What would you suggest for the job?

Thanks


Pablo


----------



## highorder (Jan 20, 2007)

go to your local highschool with a shop... use this.

http://www.ece.byu.edu/services/shop/images/metal_shear.jpg


----------



## lrw2 (Jan 20, 2007)

.2mm is pretty thin. You might try scoring it with a utility knife and a straightedge.


----------



## TXArsonCop (Jan 20, 2007)

Or a cutoff wheel on a 4" or 4.5" grinder...


----------



## PEU (Jan 20, 2007)

HighOrder: technical schools here don't provide shop services to general public here 

Irw2: it is thin, but you dont have an idea how strong stainless steel is, before making the 1st cut, that was my idea 

TXArsonCop: The grinder is a good idea, maybe if I use the dremmel with some cutting discs... I even have a diamond coated one... will try on monday

Thanks


Pablo


----------



## highorder (Jan 20, 2007)

a dremel wont even touch stainless steel. far to stringy.


sad to hear that schools dont do that sort of thing. here, schools use jobs like this a teachable moments that actually connect to the real world.


----------



## frisco (Jan 20, 2007)

Be careful with sheet Stainless...... more people get hurt with that stuff...... it grabs and all Hell breaks loose!

Maybe try a HVAC shop that does heating and air conditioning ducts.
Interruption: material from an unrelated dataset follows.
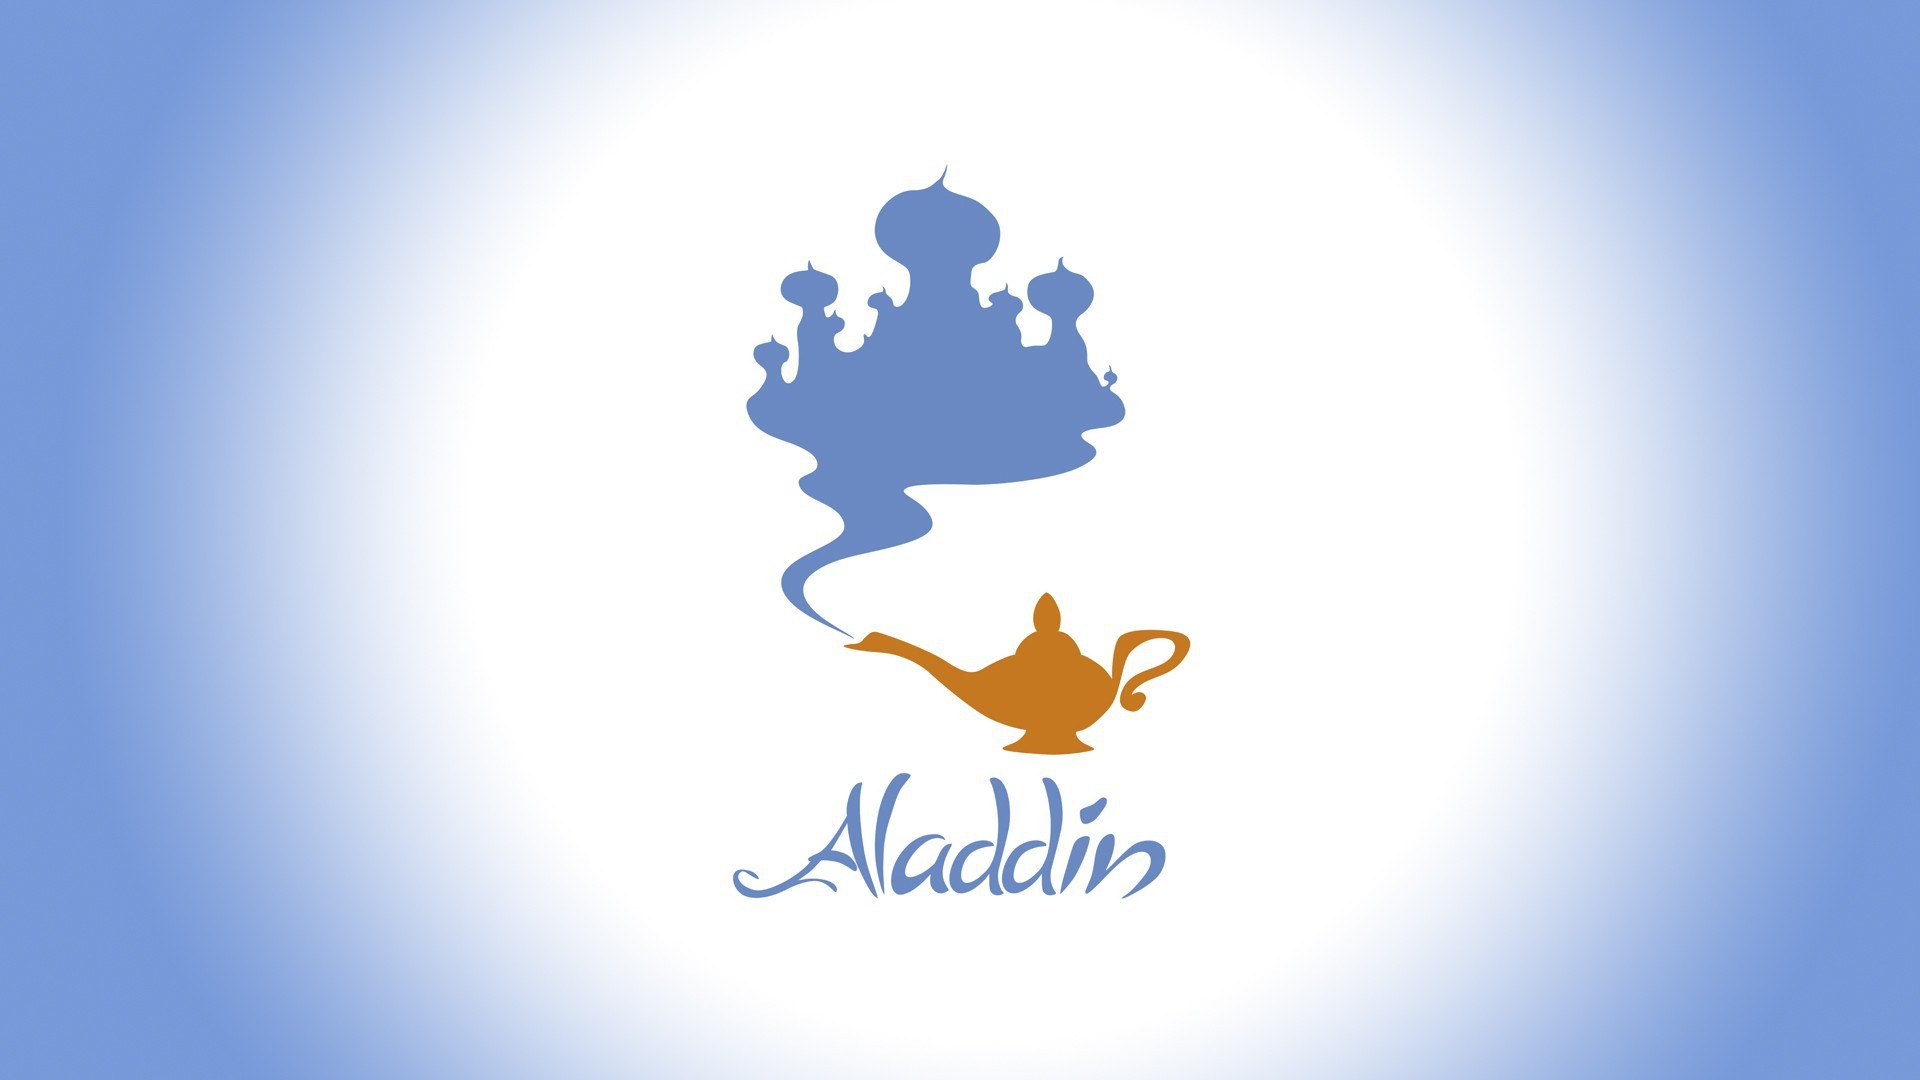 The Sultans Palace Aladdin Cartoon Walt Disney Hd Wallpaper 1920x1080   Wallpapers13com

Give em a few bucs to shear it.

frisco


----------



## PEU (Jan 20, 2007)

This is what I want to do:







Thats the barbecue I have in my apartment, I live in the top floor so neighbors don't complain 

Its a really nice unit made completelly in stainless steel with removable cooking panels for easy cleaning. The problem with it is that the heat from the charcoal spreads quickly to the sides, and I like to cook meat veeeery slowly, so I want to mod it like its shown in the picture.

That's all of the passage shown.